ABOUT THIS EXERCISE> What you write should be an exact repeat of the lines from the one with "IRIS USA SBDR" through the final line below, minus the pictures.

COLLECTED DATA>
________________________________________
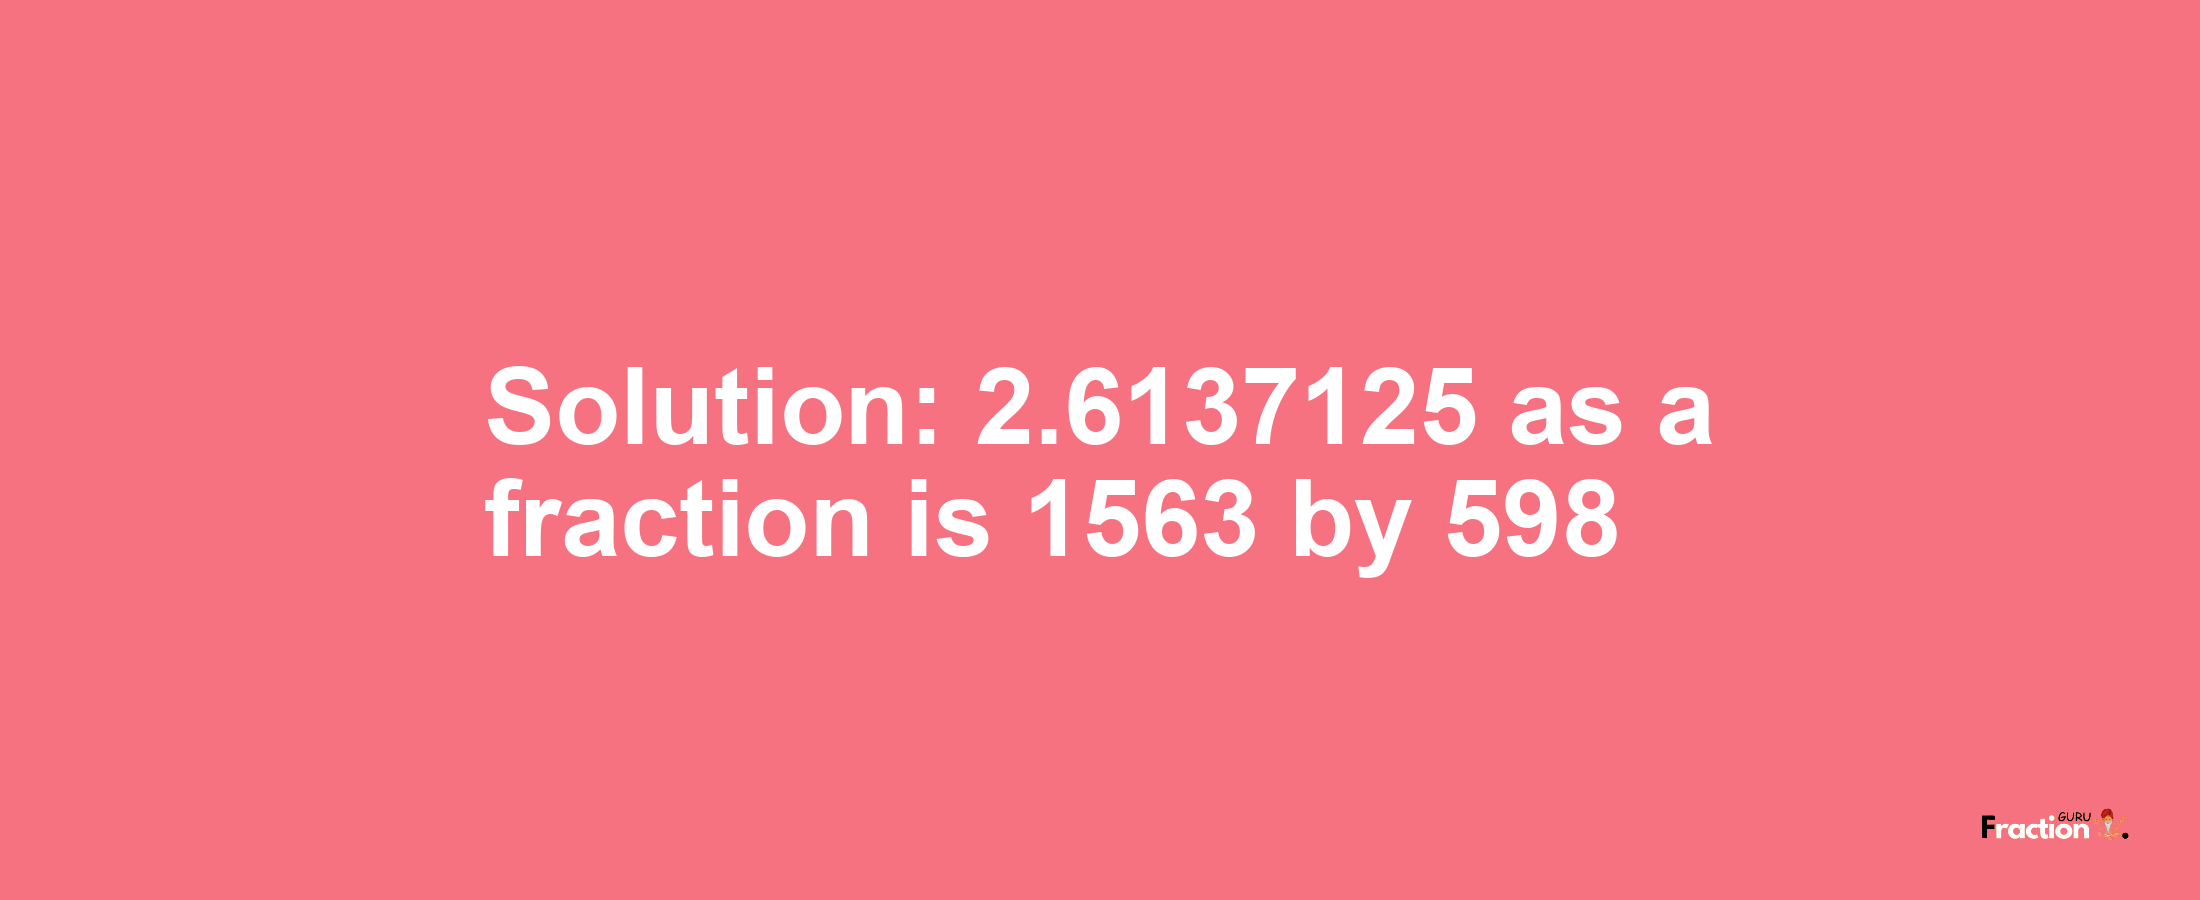 Solution:2.6137125 as a fraction is 1563/598
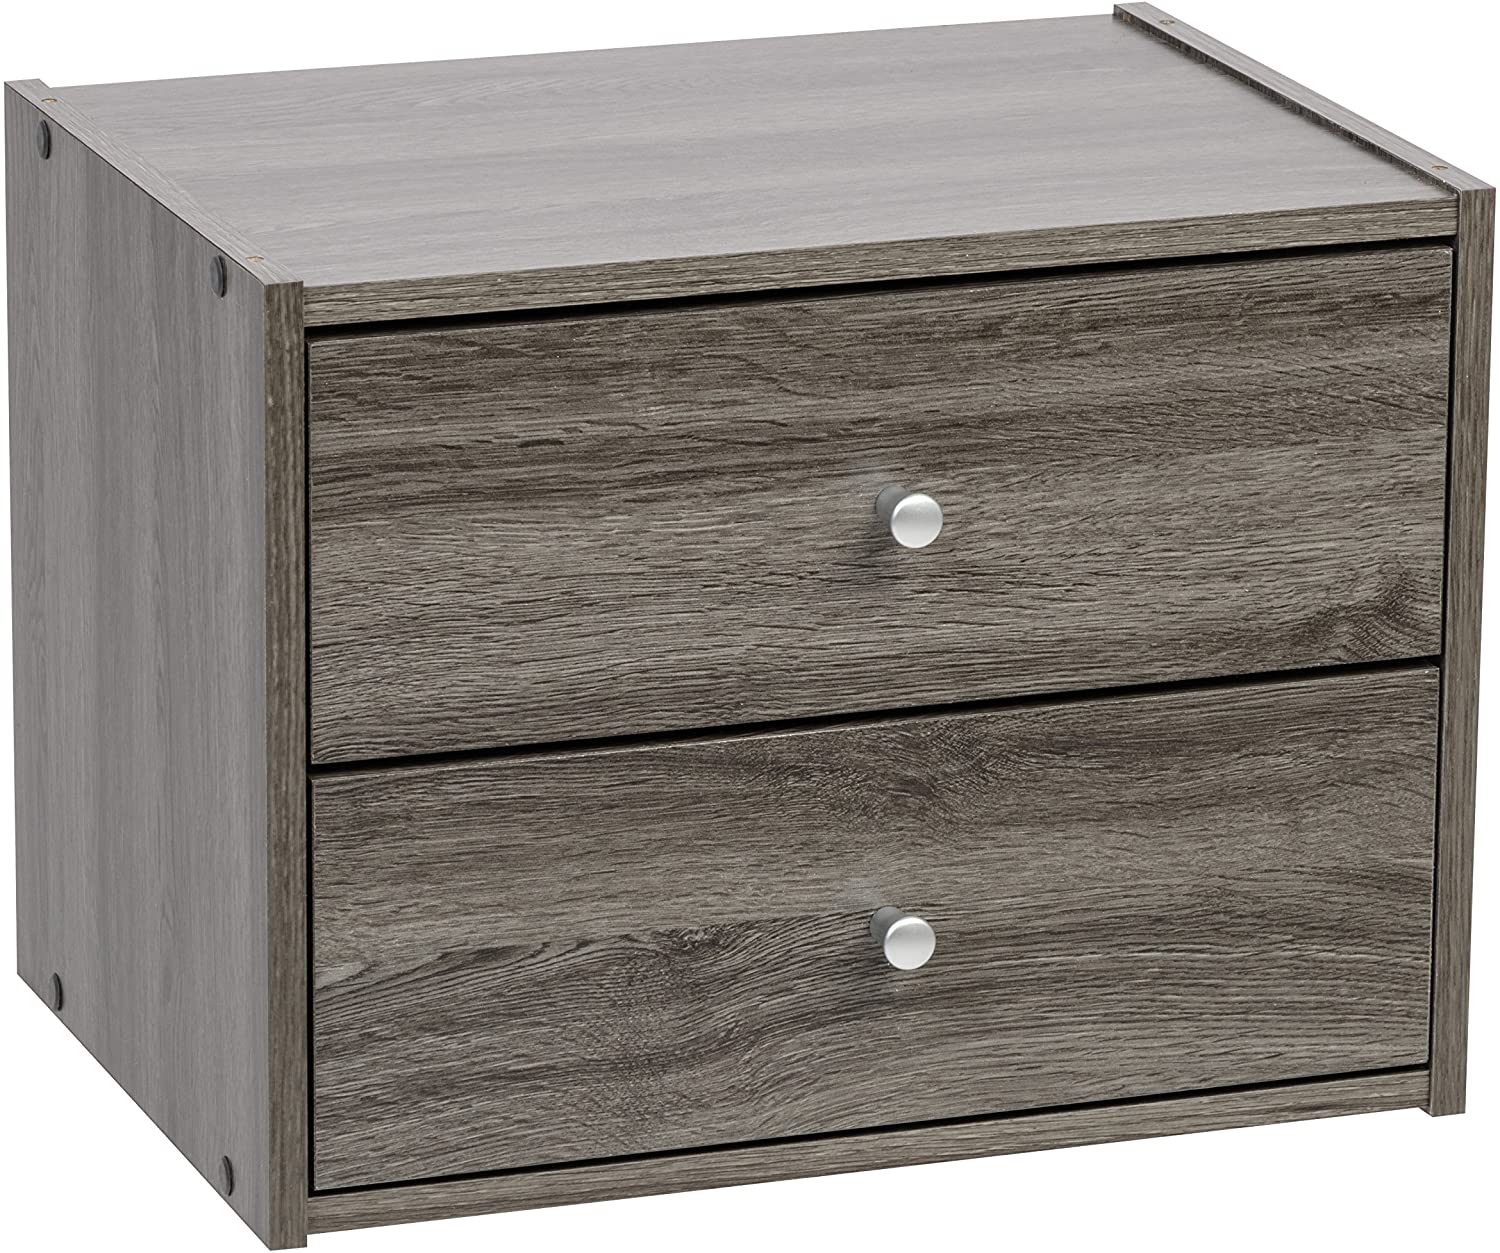 IRIS USA SBDR Modular Wood Stacking Small Chest of Drawers
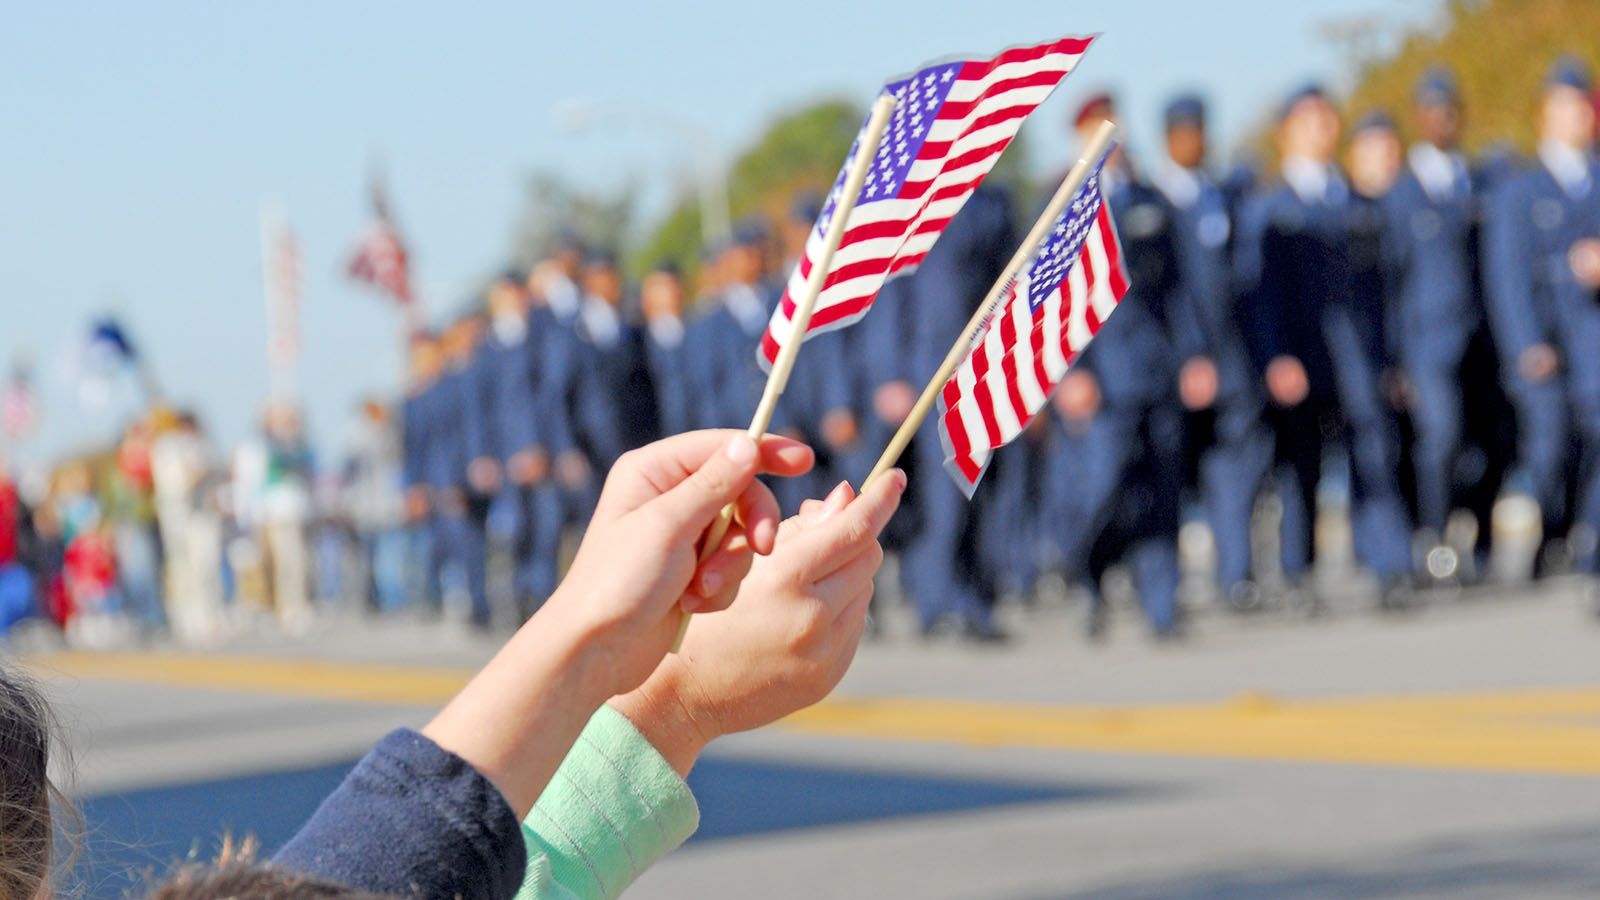 This year's Veterans Day parade will be held on Nov. 4.
________________________________________
RESPONSE FOR THIS EXERCISE>
 IRIS USA SBDR Modular Wood Stacking Small Chest of Drawers
 This year's Veterans Day parade will be held on Nov. 4.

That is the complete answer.